Beberapa spesies berang-berang raksasa diketahui telah menghuni Eurasia dan Afrika selama zaman Miosen, antara 6 dan 2 juta tahun yang lalu.

Di antaranya, genus Enhydriodon yang telah punah adalah yang paling dikenal karena sisa-sisanya. Meskipun terpisah-pisah, telah ditemukan di banyak tempat, terutama di Afrika bagian timur.

Spesies yang baru dideskripsikan ini memiliki berat sekitar 200 kg atau 440 pon, menjadikannya berang-berang terbesar yang pernah dideskripsikan. Ukurannya sekira singa modern, jauh lebih besar dari berang-berang modern yang diketahui saat ini.

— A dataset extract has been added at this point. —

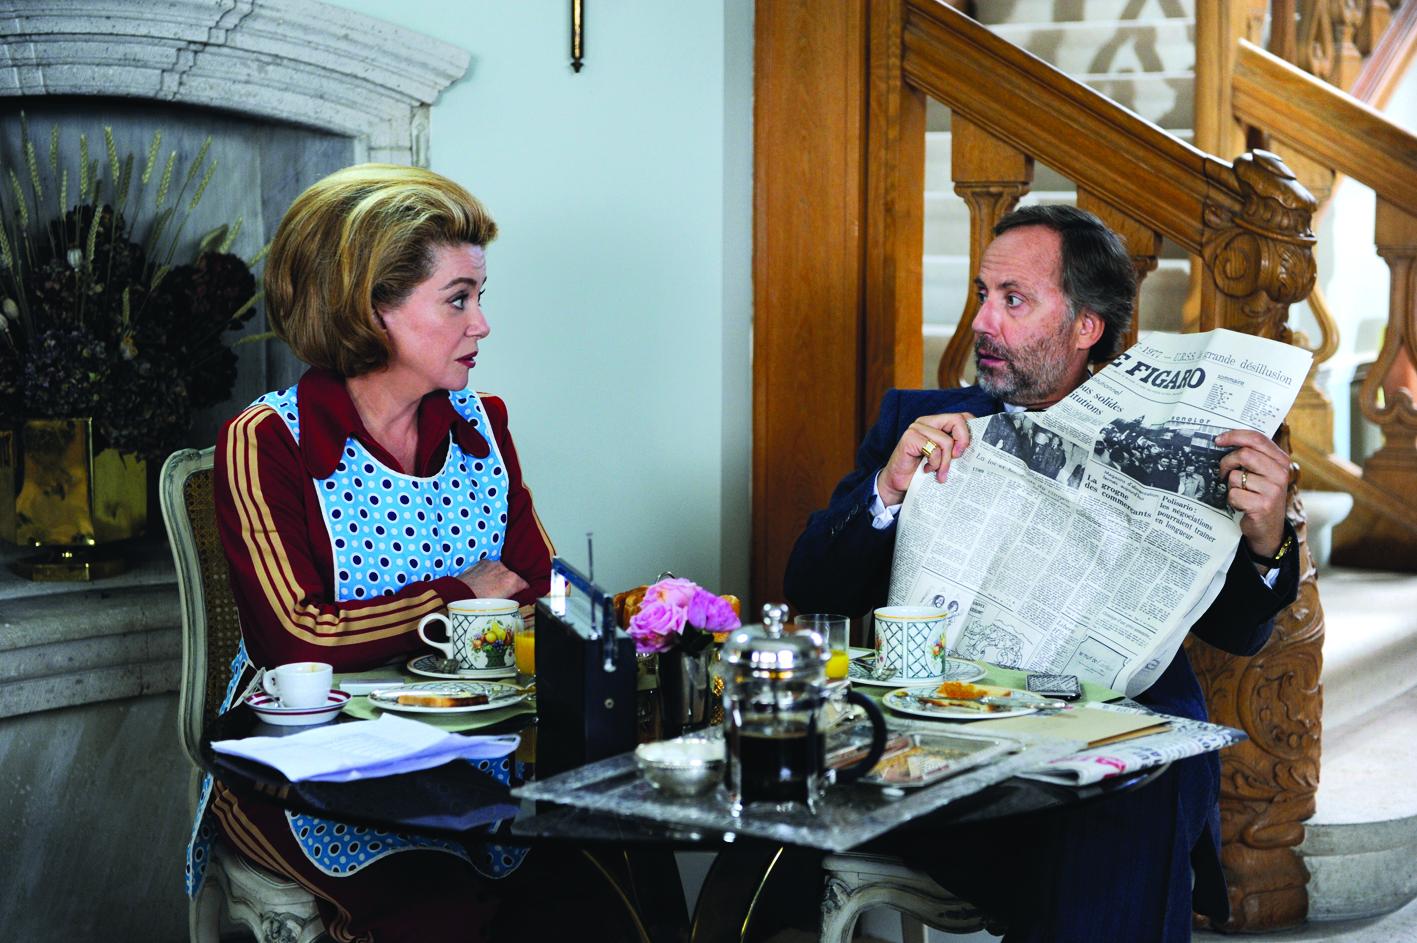 Catherine Deneuve and Fabrice Luchini in Potiche

Fosil-fosil itu ditemukan oleh beberapa tim ekskavasi internasional selama bertahun-tahun. Penulis studi baru, yang dipimpin oleh Camille Grohé dari University of Poitiers, mendasarkan perkiraan massa tubuh mereka pada dimensi gigi dan tulang paha hewan.

Sisa-sisa fosilnya, gigi dan tulang paha ditemukan di formasi Shungara dan Usno di Lembah Omo Bawah di barat daya Ethiopia.

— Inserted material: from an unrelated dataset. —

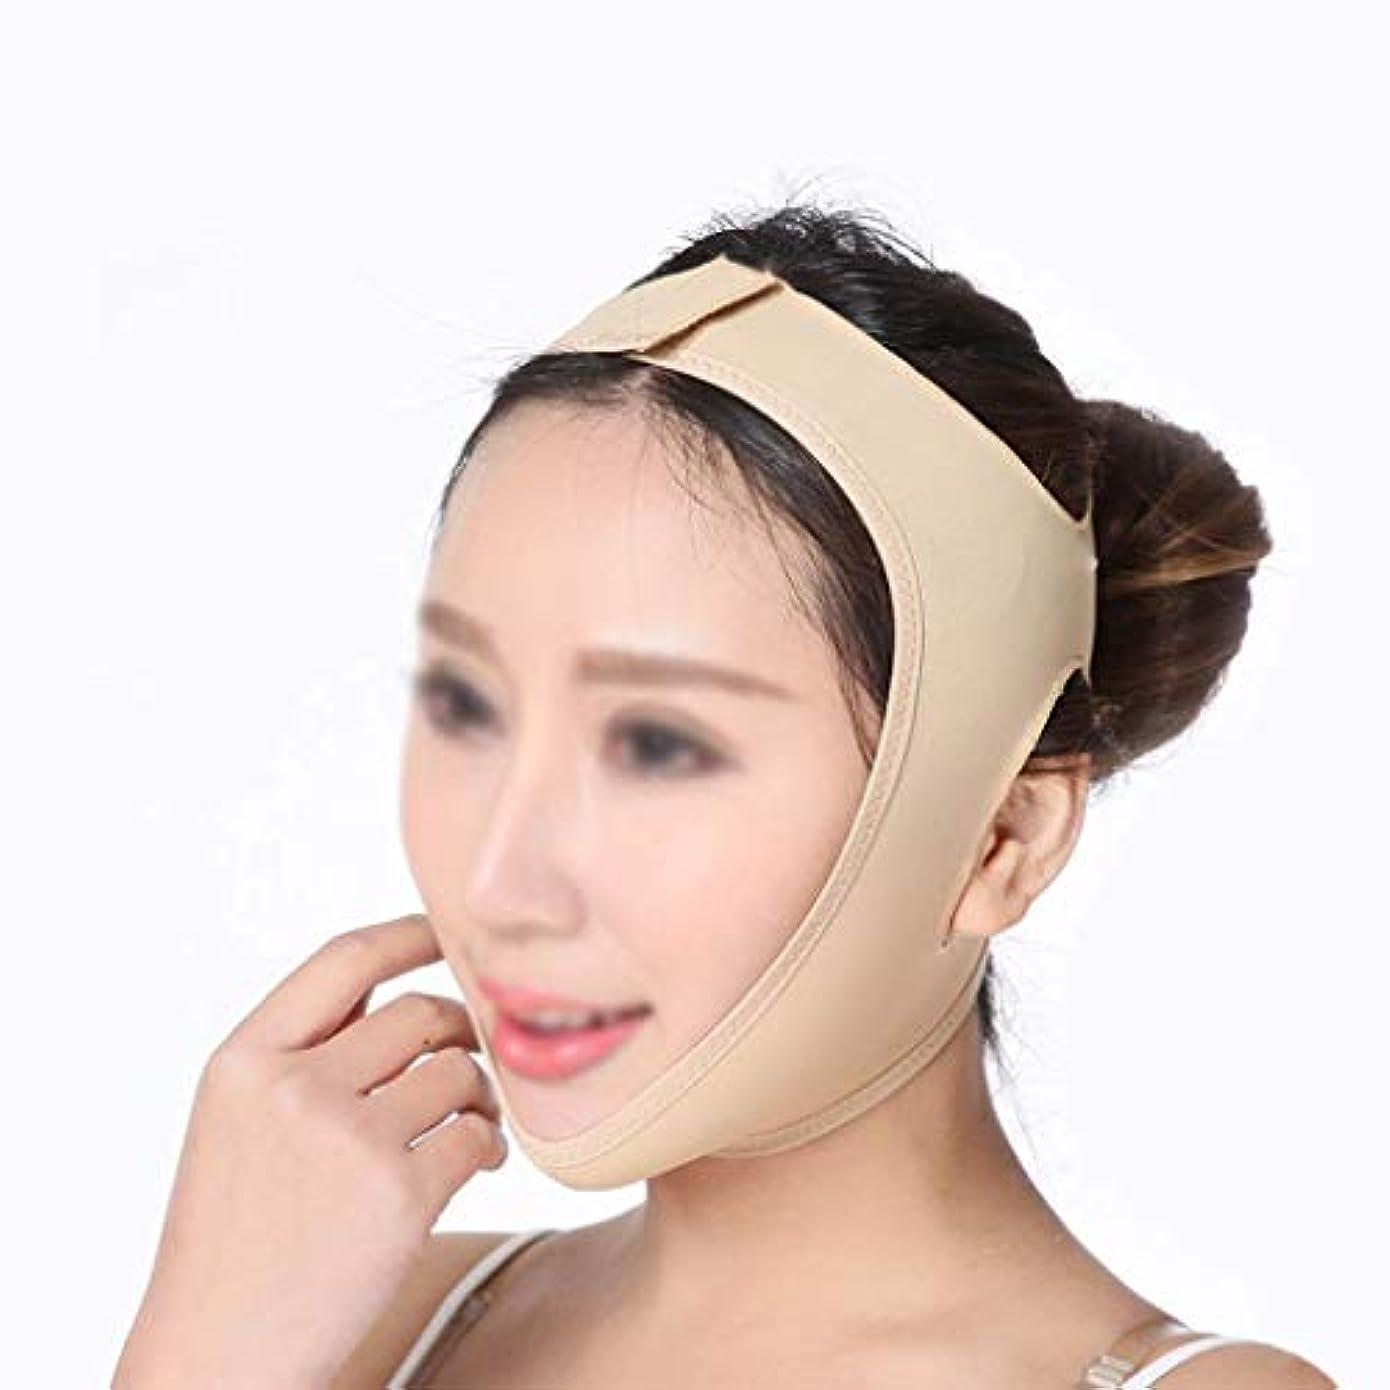 踏みつけ近所のすみませんフェイシャルチークリフティングマスク、ダブルチンとフェイスを効果的に改善、フェイスリフト包帯、ダブルチンを減らす(サイズ:L),XL

Fosil gigi dan tulang ditemukan di Lembah Omo Bawah di Ethiopia. (Uno et al.)

"Hal yang aneh, selain ukurannya yang besar, adalah bahwa isotop di giginya menunjukkan bahwa itu bukan perairan, seperti semua berang-berang modern," kata Kevin Uno, ahli geokimia dari Lamont-Doherty Earth Observatory di Columbia University.

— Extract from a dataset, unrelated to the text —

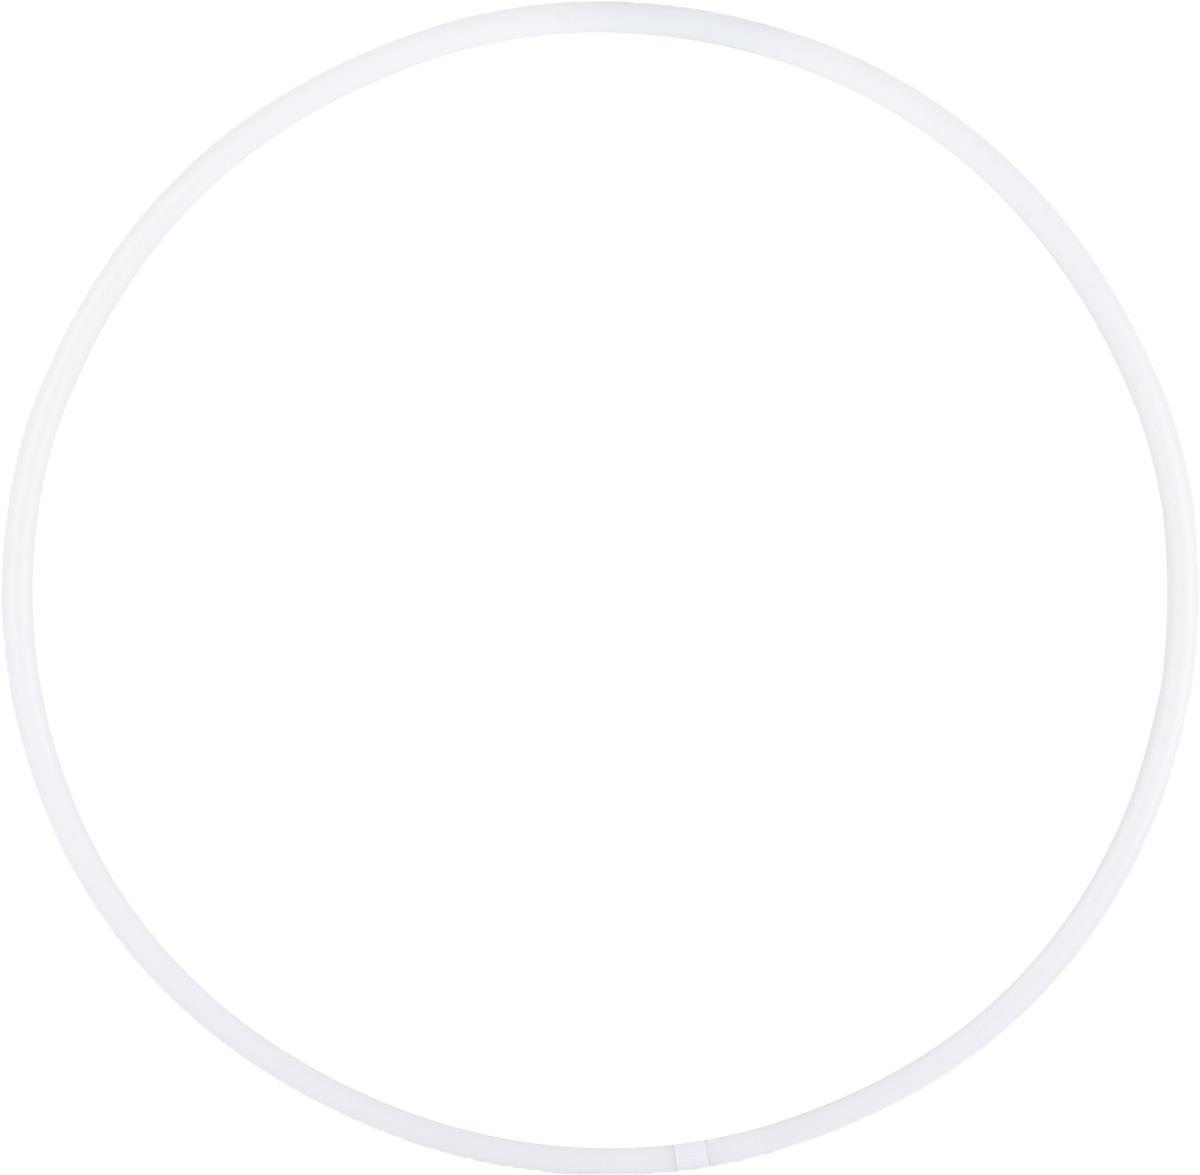 Обруч для художественной гимнастики Amely AGO-101, диаметр 65 см, цвет: белый мяч для художественной гимнастики amely agr 101 диаметр 15 см цвет синий белый

"Kami menemukan bahwa ia memiliki pola makan hewan darat, juga berbeda dari berang-berang modern."

Secara tradisional, berang-berang Enhydriodon dianggap semi-akuatik, memakan moluska, kura-kura, buaya, dan lele, semuanya umum di lingkungan air tawar Afrika. Uno dan rekan menguji ide ini dengan menganalisis isotop stabil oksigen dan karbon di email gigi Enhydriodon omoensis.

Agaknya, nilai fosil berang-berang seharusnya mendekati nilai fosil kuda nil atau hewan semi-akuatik lainnya. Sebaliknya, Enhydriodon omoensis memiliki nilai yang mirip dengan mamalia darat, khususnya kucing besar dan hyena dari deposit fosil Omo.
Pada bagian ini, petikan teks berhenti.